Not to insult lawyers ;-), but this is a classic lawyerly table-pounding move. You are dealing with information which is properly classified AND is illegal to disclose. So, we turn to the old saw: "have the facts on your side, argue the facts; have the law, argue the law; have neither, pound the table." In this case, start up a completely irrelevant discussion of how sometimes things get marked classified when they shouldn't be.

Ranger

I have a feeling that some senior Dems are very concerned about what might come down next summer. One of the interesting aspects of this case it how a reporter obtained the contents of a letter so sensitive that it was hand written and only two copies existed (one in the office of the VP who was the addressee, and the other in the office of Sen. Rockafeller, who was the author). I seriously doubt that information came from the office of the VP.
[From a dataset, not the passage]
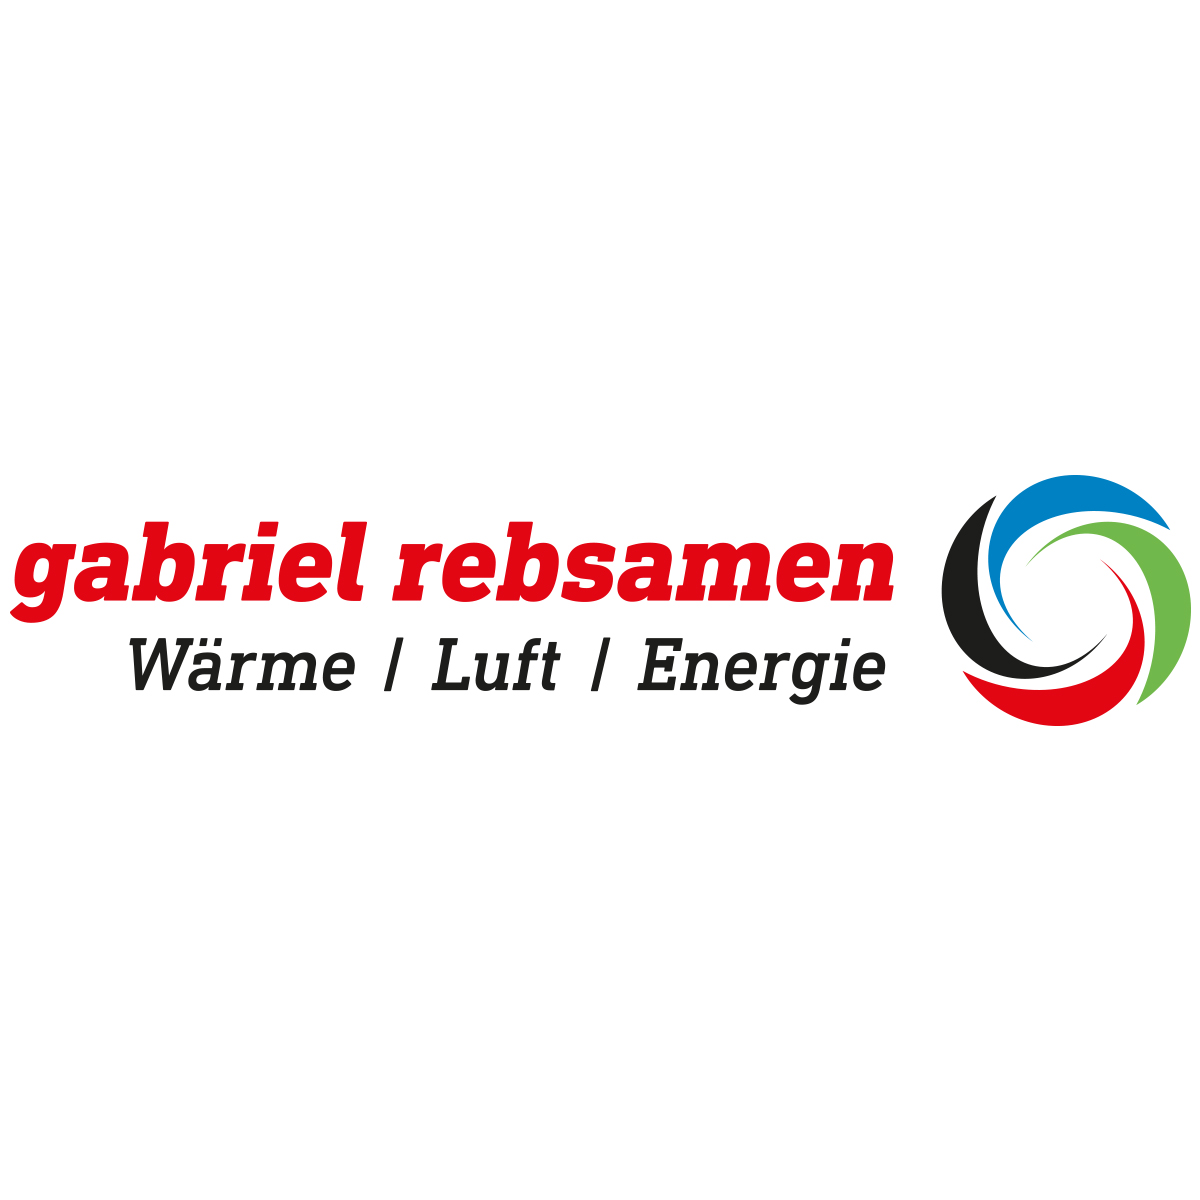 (c) Gabrielrebsamen.ch

Mr. Tamm may have been one of the original leakers, but there were confirming sources at the FISA Court and in the Senate who could become significant political liabilities if indictments were filed or unsealed in 2008.

Ann

Clarice,

Rush is talking about you! Congrats!

clarice

Thanks. A friend just emailed me that news. (To keep my stress levels from rising too high..I have no sound on my PC and I never turn on the radio or tv before the sun is over the yardarm so I'd have no way of knowing if people like you weren't kind enough to tell me.)

crosspatch

Clinton stacked the DoJ. Bush, in the spirit of trying to look apolitical has left those people in place. I would also suggest that the FBI is also pretty well stacked with partisans too. While it is probably too late in the administration now, I guess he should have done like Clinton and purged the DoJ when he took office. That would, however, set the Clinton precedent in stone going forward and every President going forward would have purged the DoJ as soon as they took office.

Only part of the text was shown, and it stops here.